French fencer (1942–2024)

Daniel Jean Claude Ernest Revenu (5 December 1942 – 2 January 2024) was a French fencer and Olympic champion in foil competition, and medalist in four successive Olympics.

==Biography==
Daniel Revenu was born on 5 December 1942, the son of French fencing coach Ernest Revenu, from Melun. In the 1960s and 1970s Ernest Revenu trained Olympic, world and national fencing champions - Bruno Boscherie, Bernard Talvard, Hugues Leseur, Daniel Provost, Jacky Courtillat, Frédéric Pietruszka and his own son Daniel.

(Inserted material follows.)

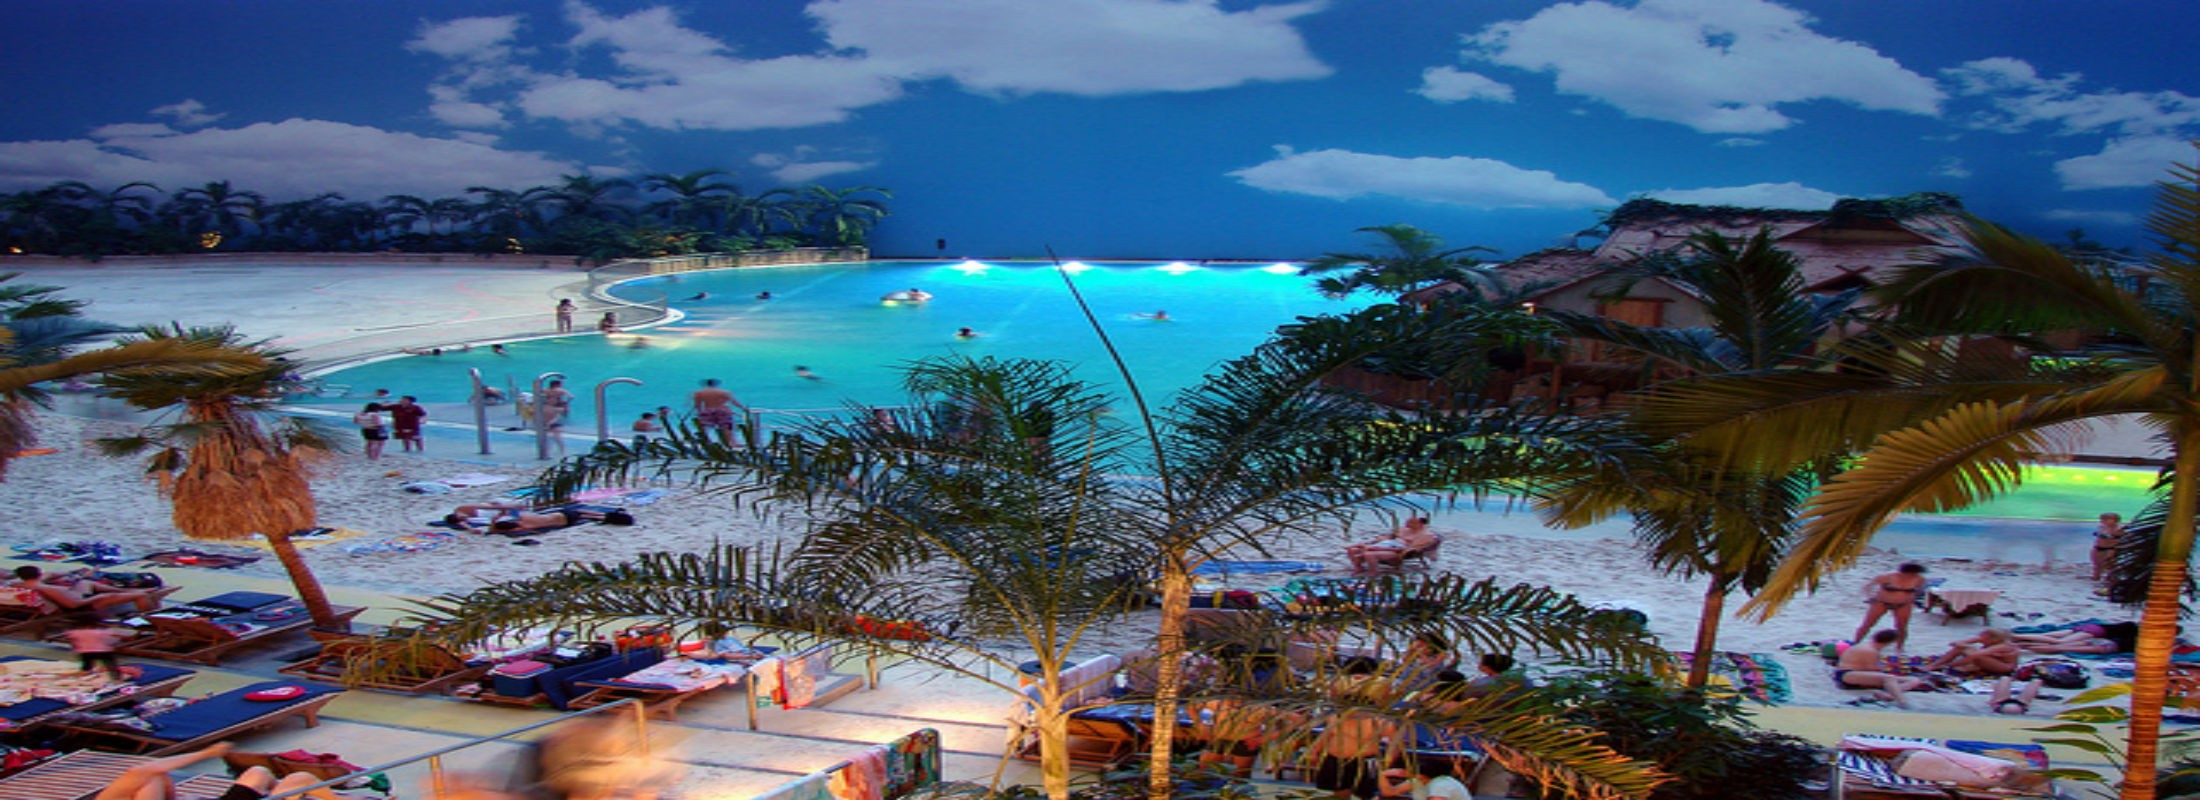 Аквапарк  Tropical Islands
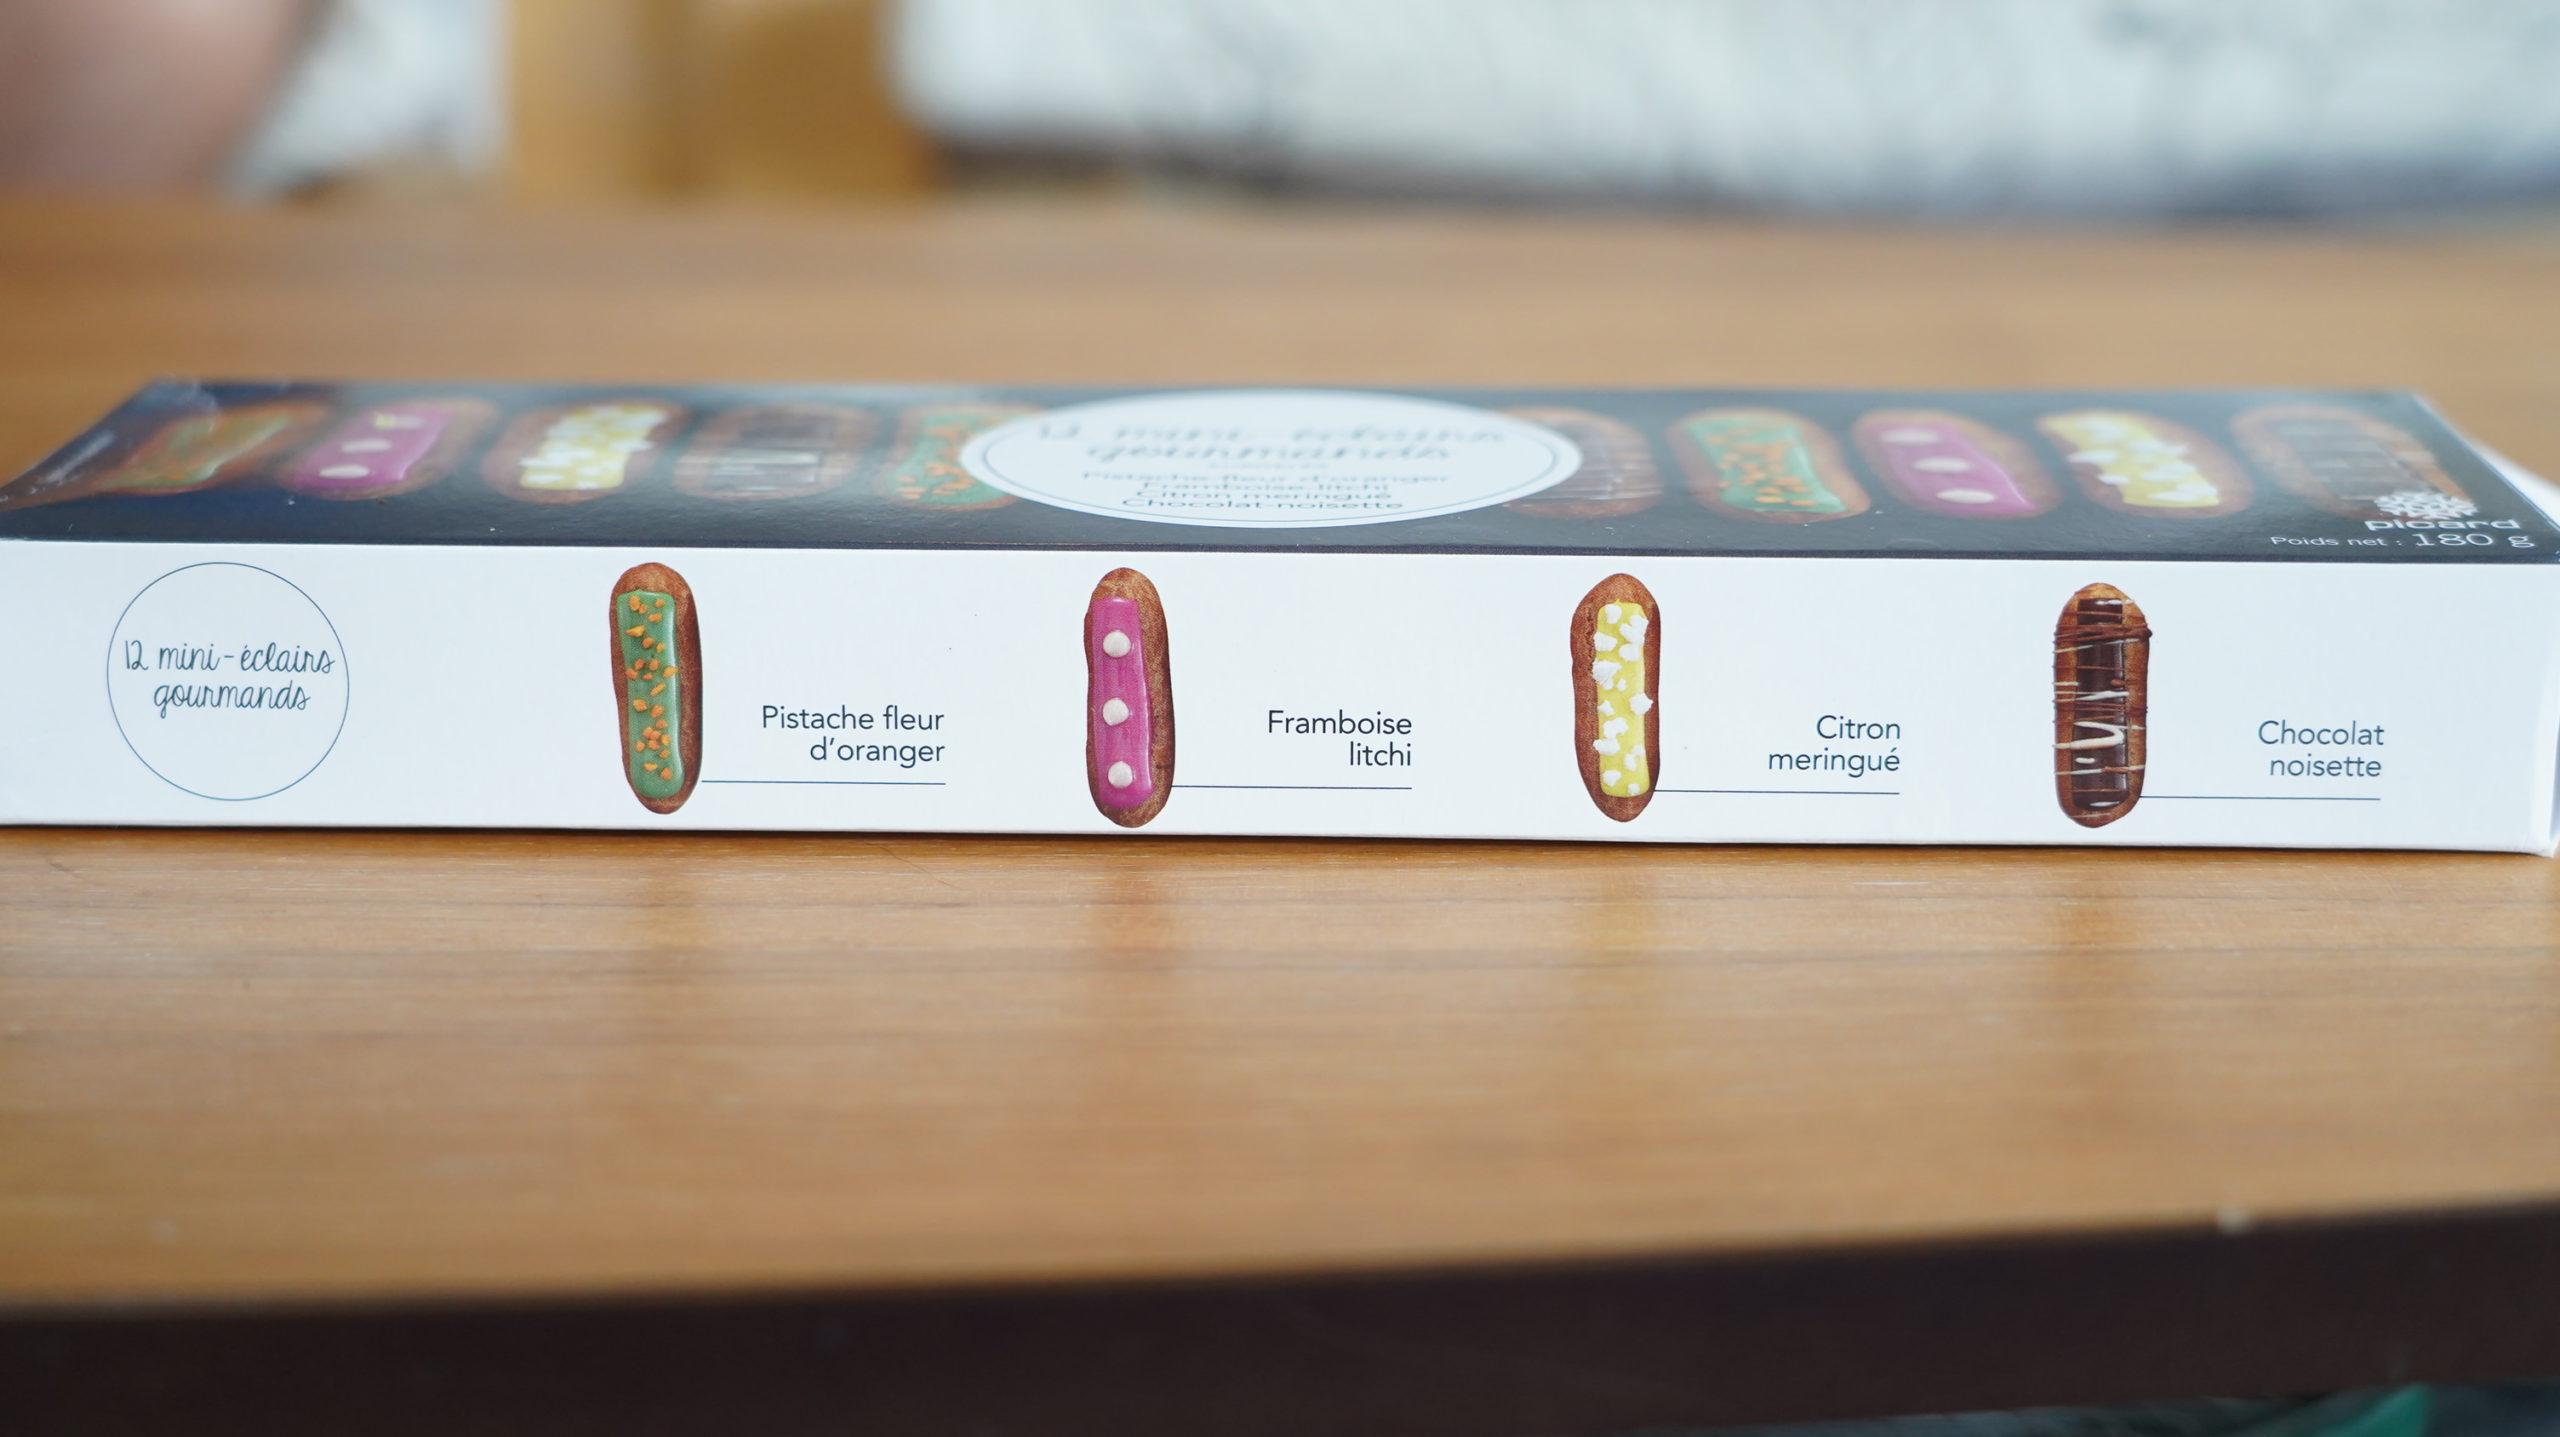 ピカールの冷凍食品「食いしん坊のミニエクレア」の箱の側面の写真

Revenu received a gold medal in foil team at the 1968 Summer Olympics in Mexico City, together with Gilles Berolatti, Christian Noël, Jean-Claude Magnan, and Jacques Dimont. He participated and received medals at the 1964, 1968, 1972 and 1976 summer Olympics.

Daniel Revenu died on 2 January 2024, at the age of 81.